- [PROBLEM REQUIREMENTS]: Would you transcribe only the lines below, from the one containing "Genesis® II LX E-340 GBS Gas Barbecue" through the end of the material, exactly and with no pictures?
(RAW DATA begins)
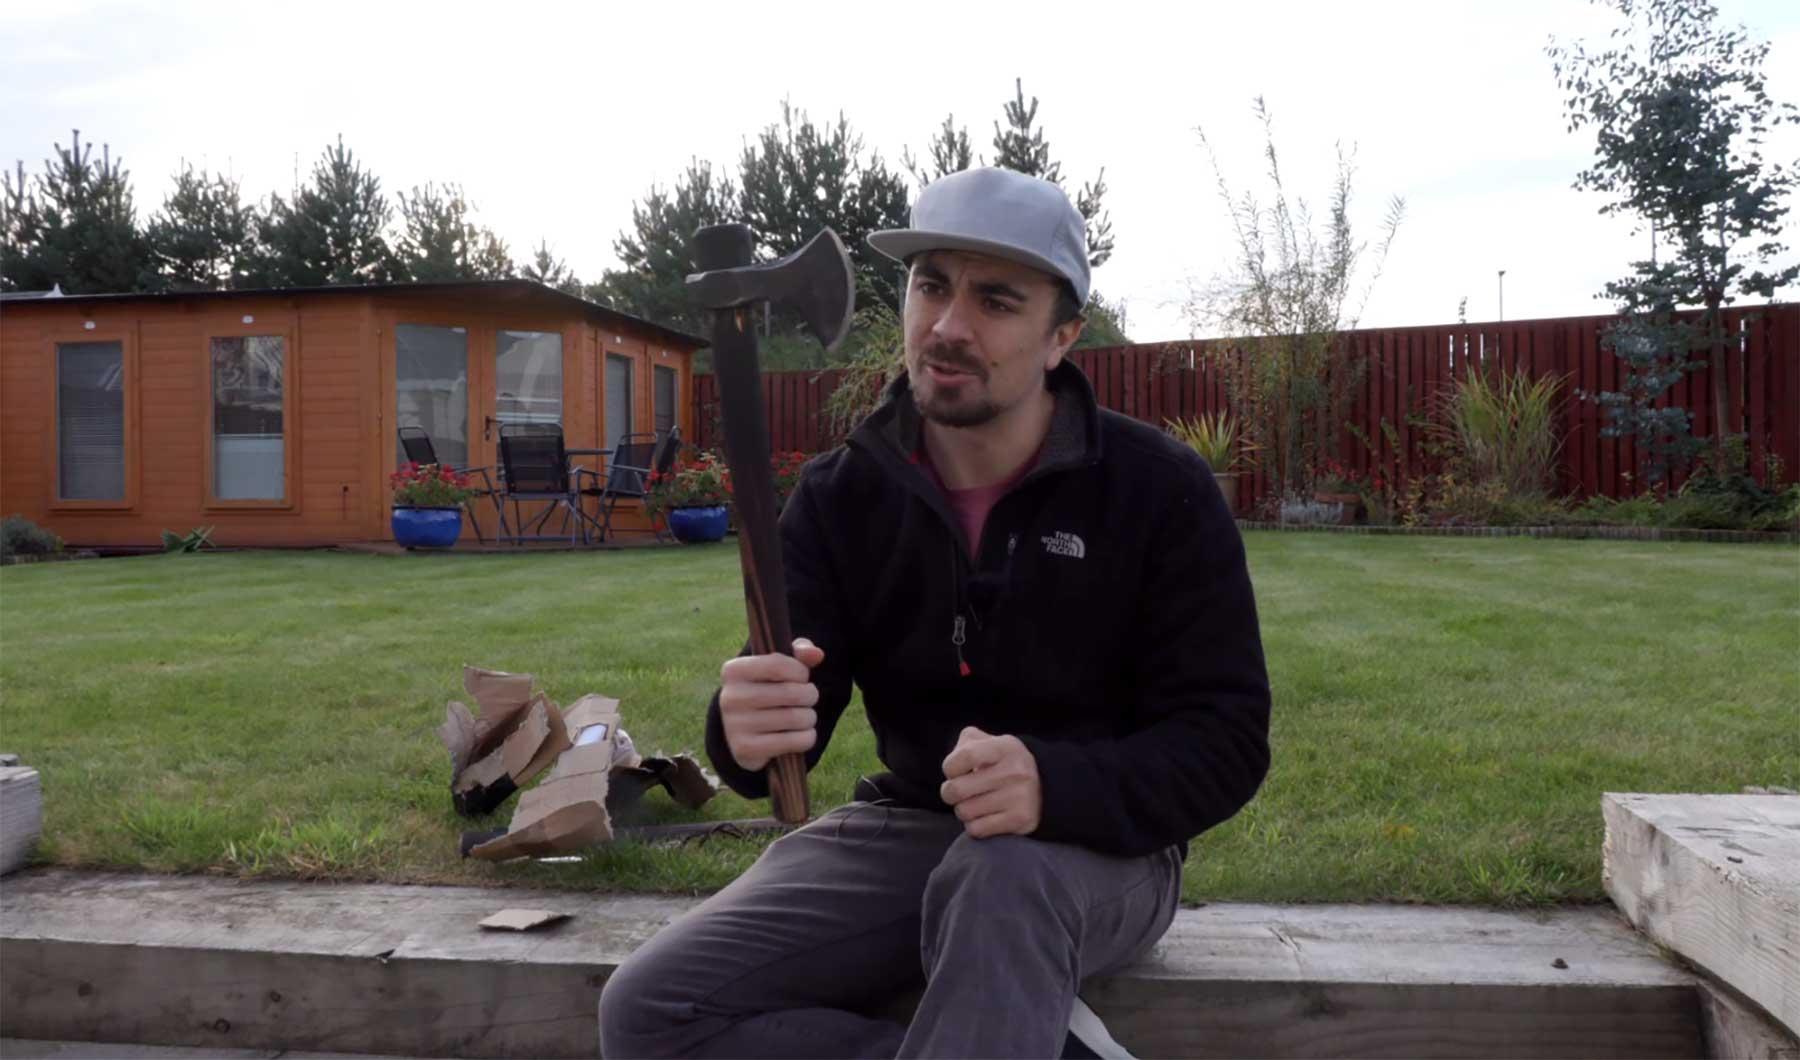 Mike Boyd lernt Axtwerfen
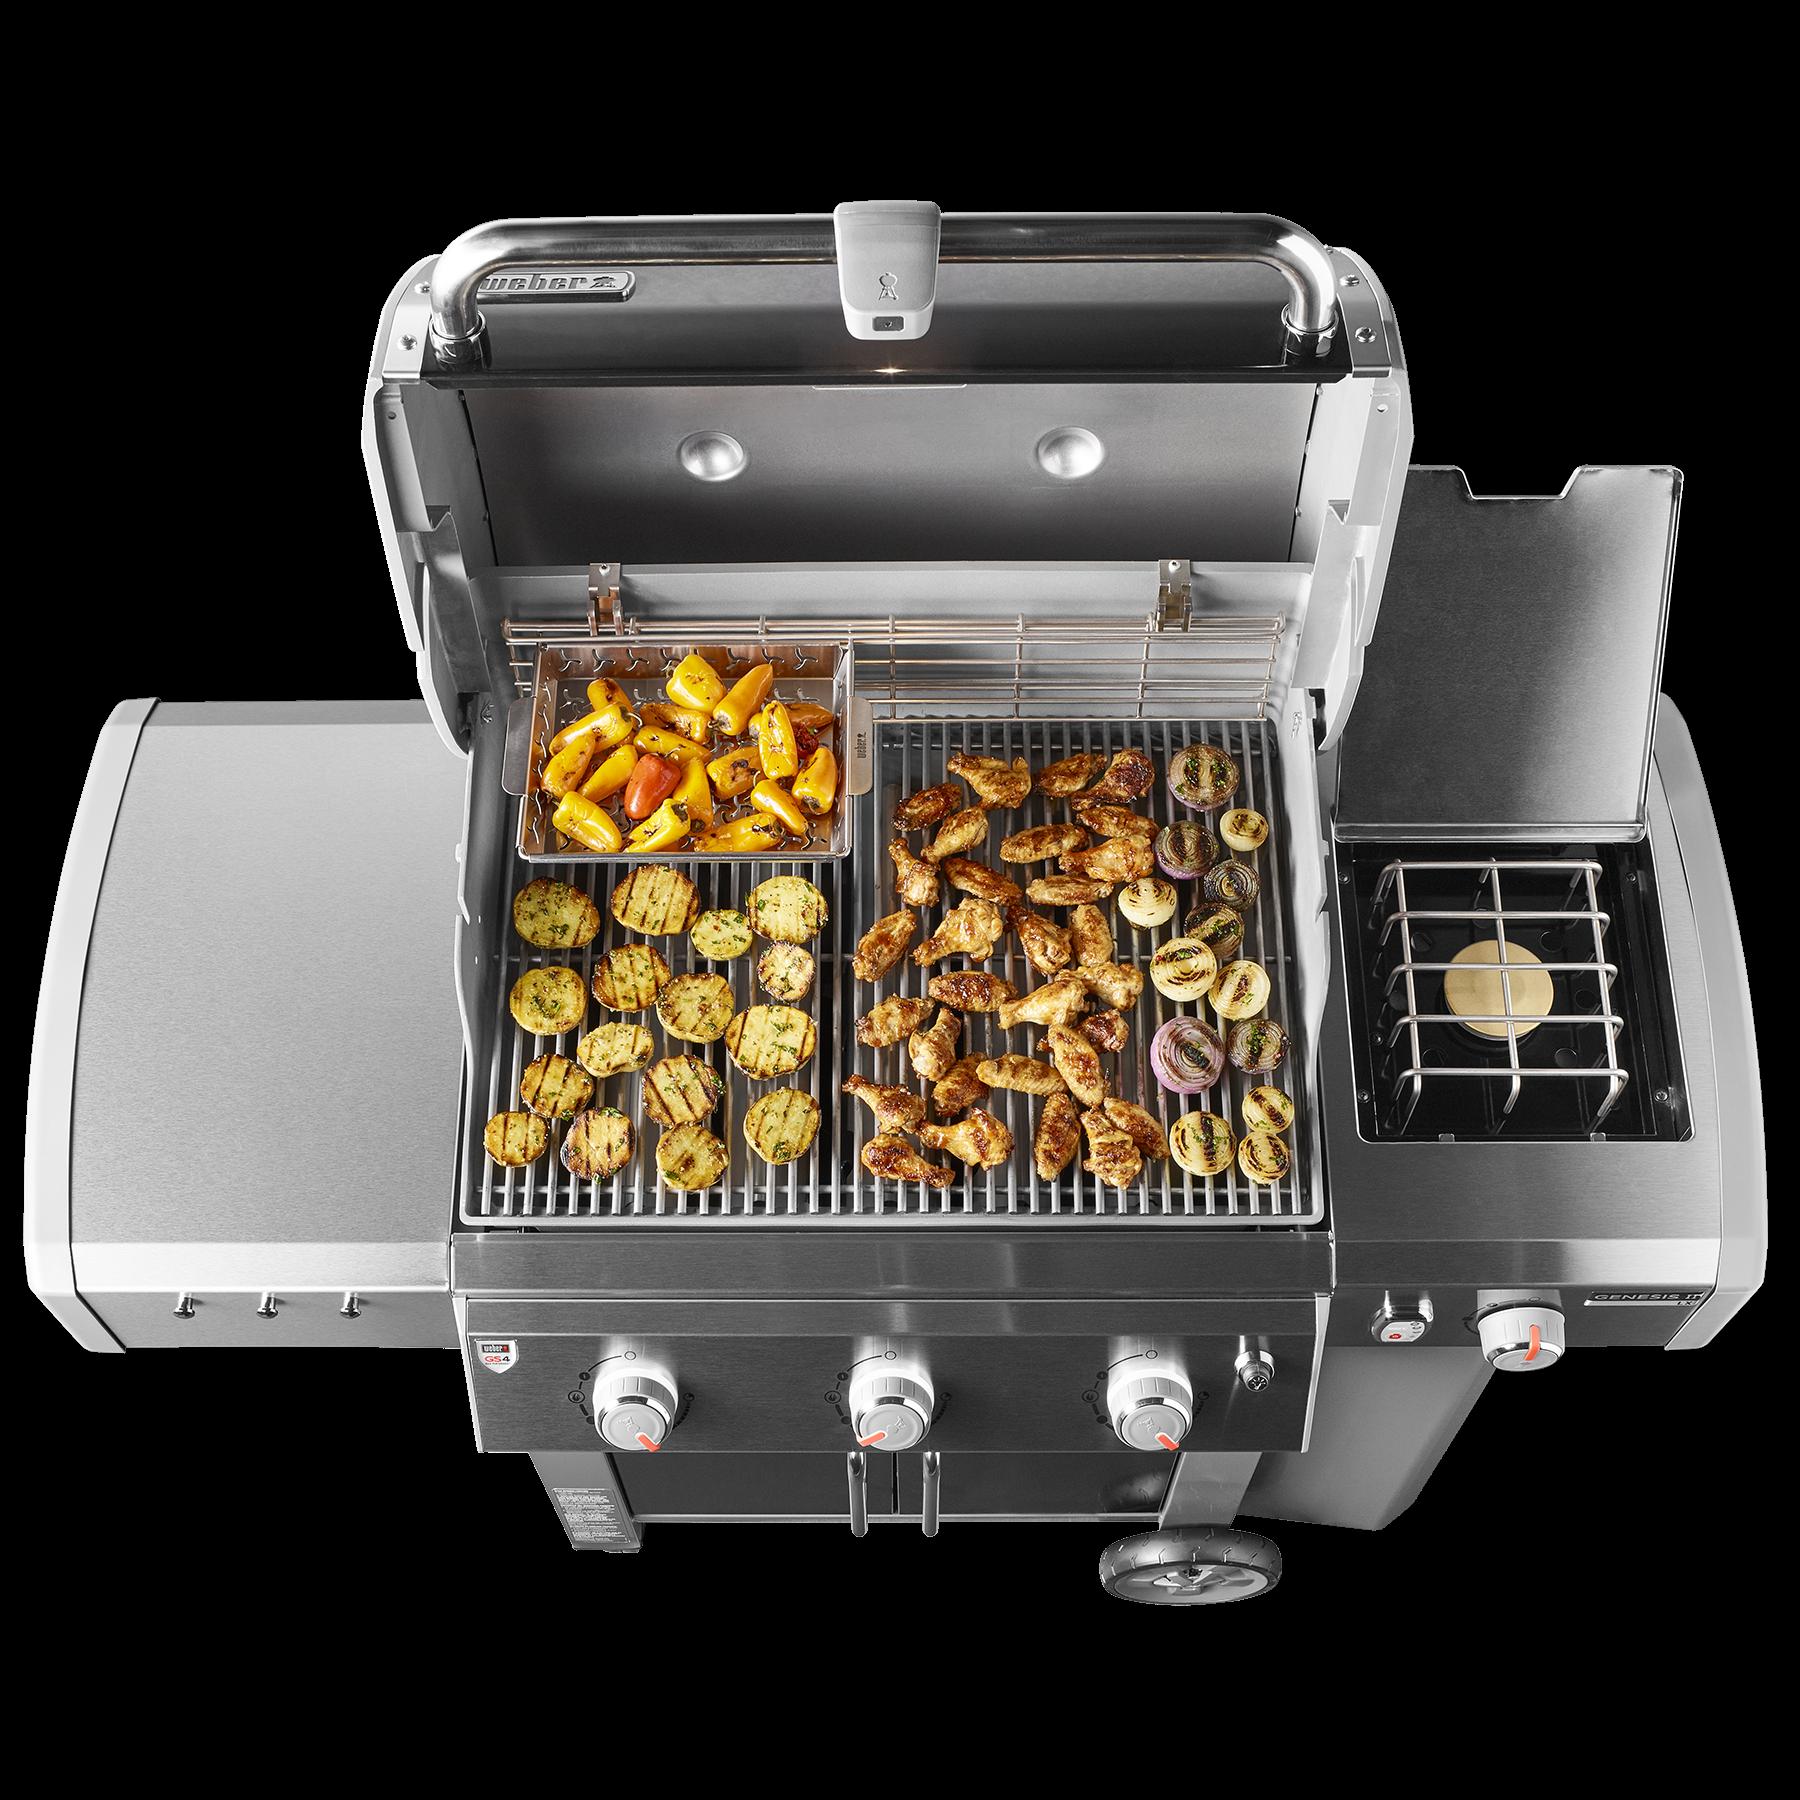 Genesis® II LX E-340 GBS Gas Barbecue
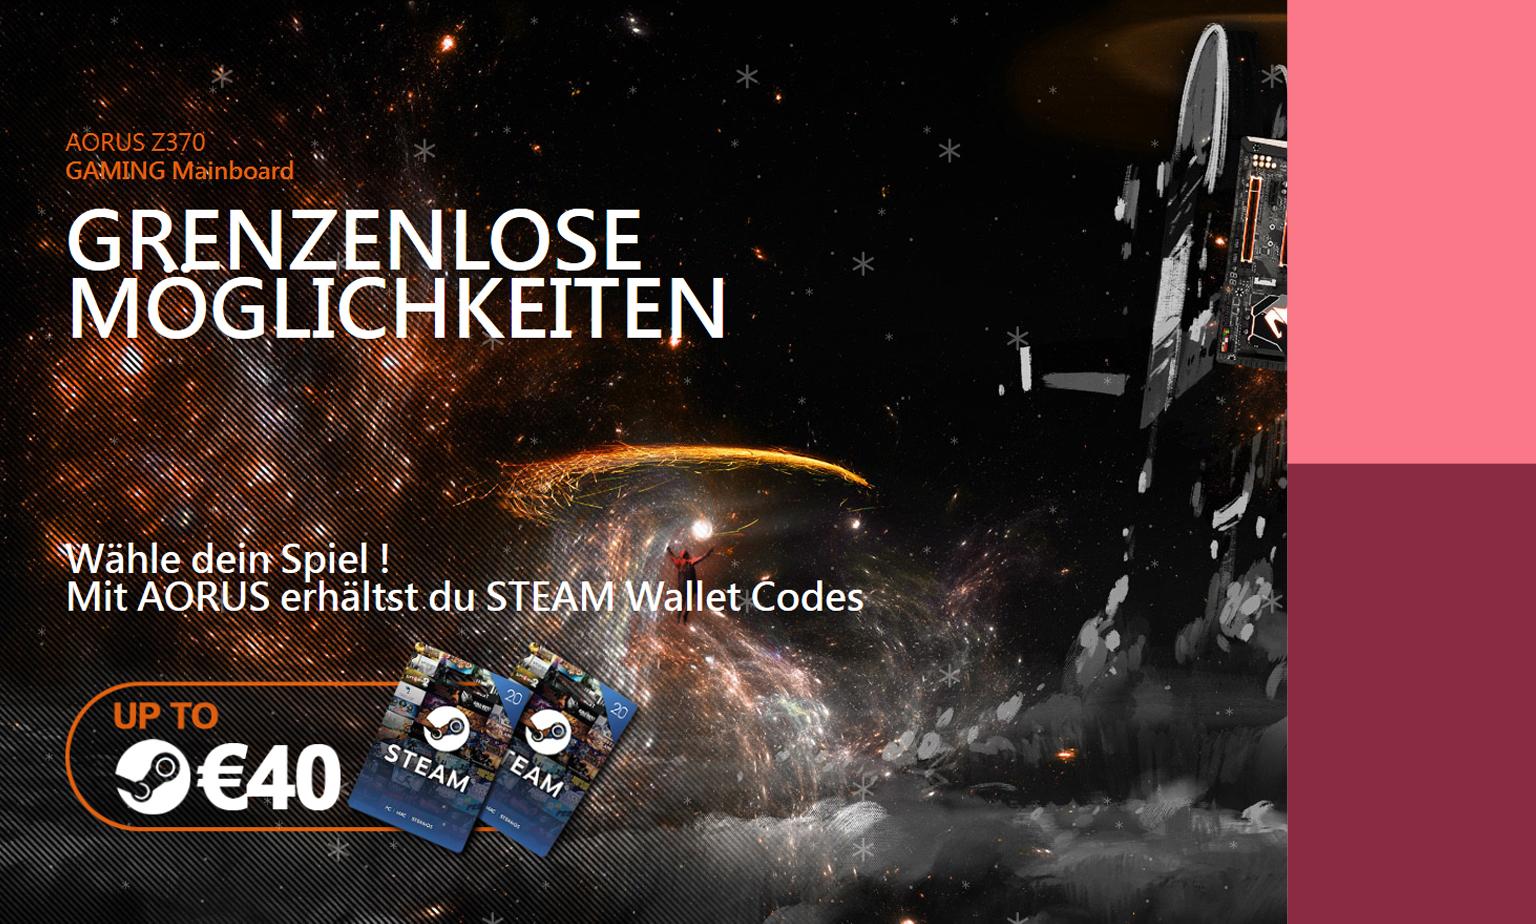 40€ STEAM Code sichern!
(RAW DATA ends)
- [FINISHED EXERCISE]:
 Genesis® II LX E-340 GBS Gas Barbecue
 40€ STEAM Code sichern!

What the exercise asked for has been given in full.